Untuk itu berkenaan dengan UU BUMN yang baru, maka sekiranya laporan yang telah disampaikan kepada Kejagung atau KPK, sebaiknya aparat penegak hukum itu menjelaskan kepada pelapor, sekiranya memang tidak memenuhi unsur untuk tidak dapat ditindaklanjuti.

“Tetapi kalau memenuhi kriteria dugaan terjadi tindak pidana korupsi, ya sepatutnya diproses. Sebab keterlibatan masyarakat dalam proses pemberantasan korupsi yang memang menjadi concern Presiden Prabowo sangat penting, bahkan menguntungkan aparat penegak hukum seperti KPK atau Kejagung,” katanya.

Adapun kasus ini mencuat setelah Etos Indonesia Institute mengungkap dugaan manipulasi laporan keuangan PT Pupuk Indonesia yang diduga merugikan negara hingga Rp8,3 triliun. Kejaksaan Agung pun didesak segera memeriksa Direktur Utama dan Direktur Keuangan PT Pupuk Indonesia terkait temuan tersebut.
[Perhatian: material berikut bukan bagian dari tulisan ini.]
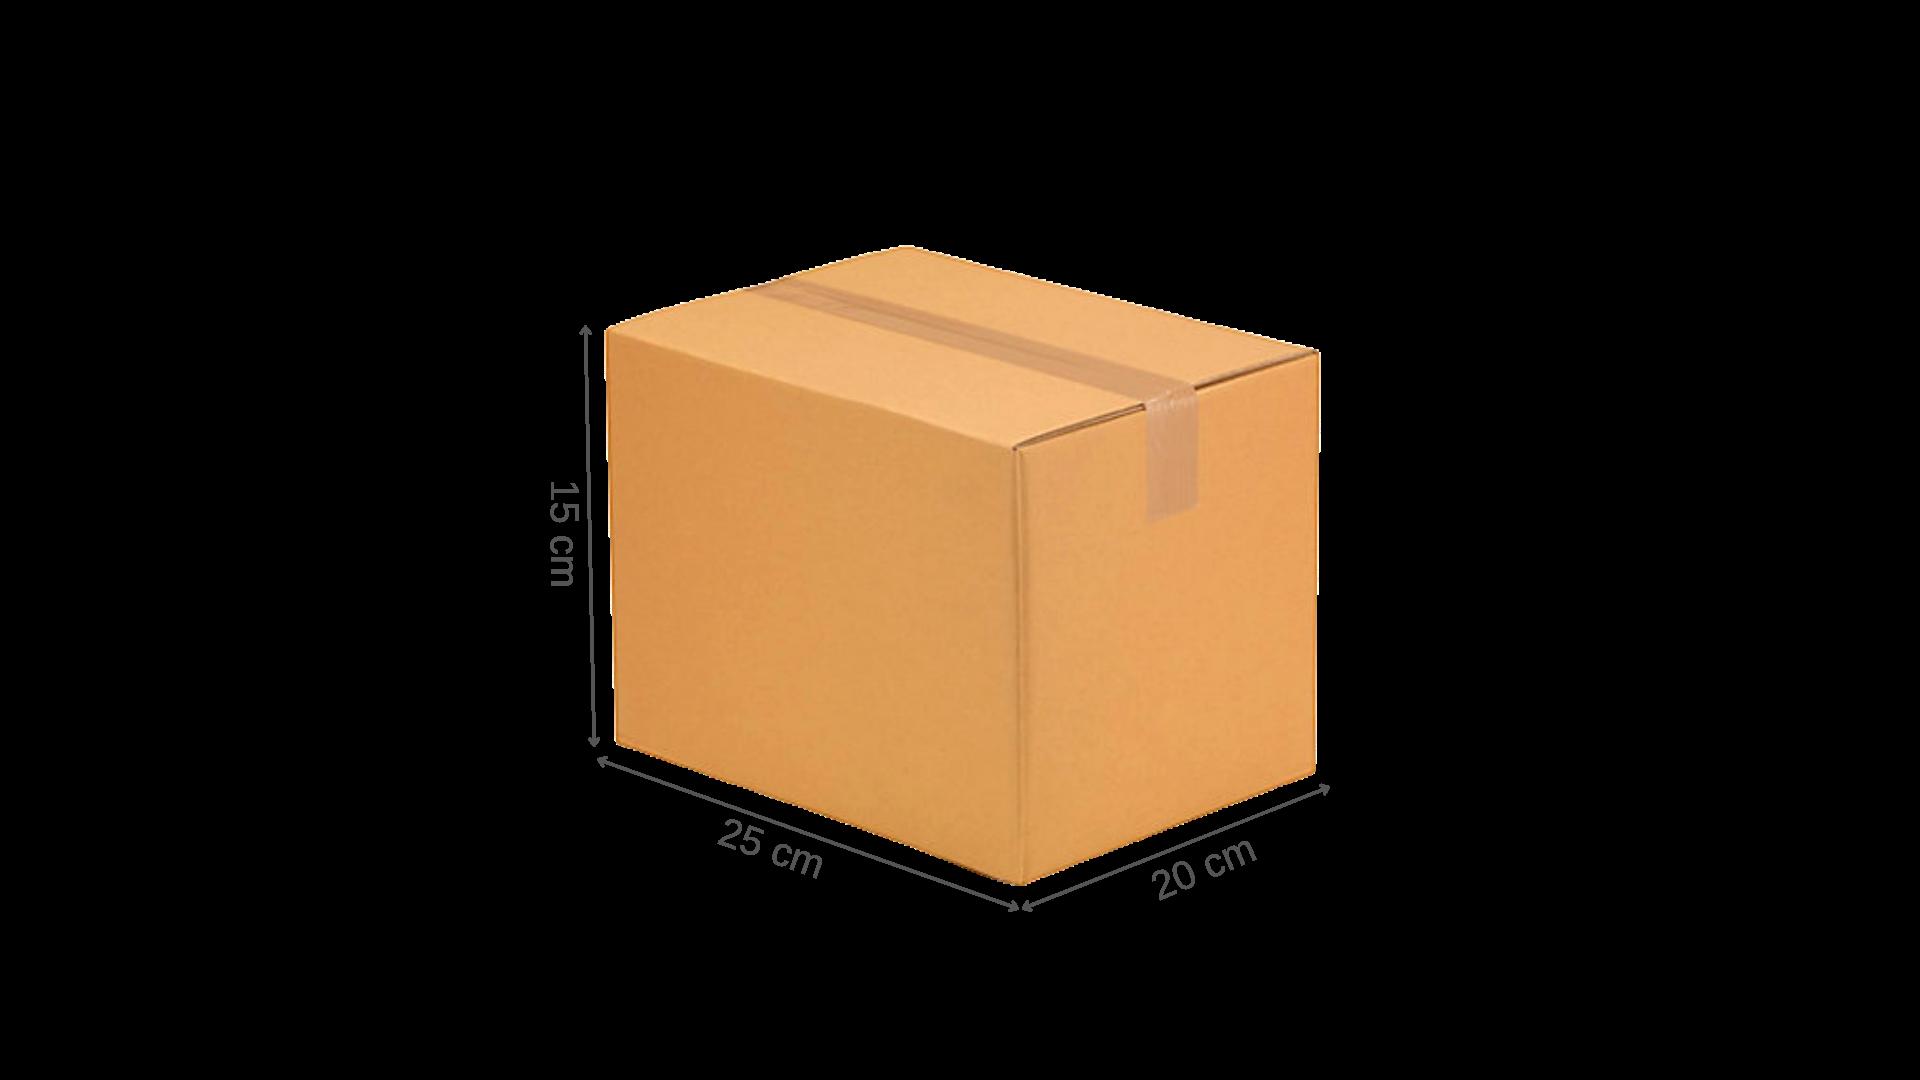 Carton double cannelure 25x20x15 cm

“Dugaan ini bukan sekadar opini, melainkan berdasarkan data yang kami peroleh. Oleh karena itu, kami mendesak Kejaksaan Agung, khususnya Jaksa Agung Muda Pidana Khusus (Jampidsus), untuk segera memeriksa Dirut dan Direktur Keuangan PT Pupuk Indonesia,” kata Direktur Eksekutif Etos Indonesia, Iskandarsyah.

Iskandarsyah menjelaskan, berdasarkan audit independen ditemukan selisih dalam laporan keuangan sebesar Rp8,3 triliun. Hal itu diperburuk dengan temuan rekening yang tidak disajikan dalam neraca, termasuk transaksi tunggal senilai hampir Rp7,98 triliun.

“Angka tersebut terdiri dari jumlah kas yang dibatasi penggunaannya sebesar Rp707,87 miliar dan penempatan deposito berjangka sebesar Rp7,27 triliun,” bebernya.

Sementara Komisi Pemberantasan Korupsi (KPK) sendiri menyadari banyak desakan dari berbagai pihak agar laporan masyarakat terkait dugaan manipulasi laporan keuangan PT Pupuk Indonesia senilai Rp8,3 triliun segera diproses dan ditingkatkan ke tahap penyidikan, tapi hingga kini cuma kata ‘nanti’ yang bisa dijawab lembaga antirasuah.

Juru Bicara KPK, Tessa Mahardhika, menjelaskan laporan tersebut telah memasuki tahap telaah selama 30 hari kerja, dan berpeluang diperpanjang hingga lebih dari satu setengah bulan.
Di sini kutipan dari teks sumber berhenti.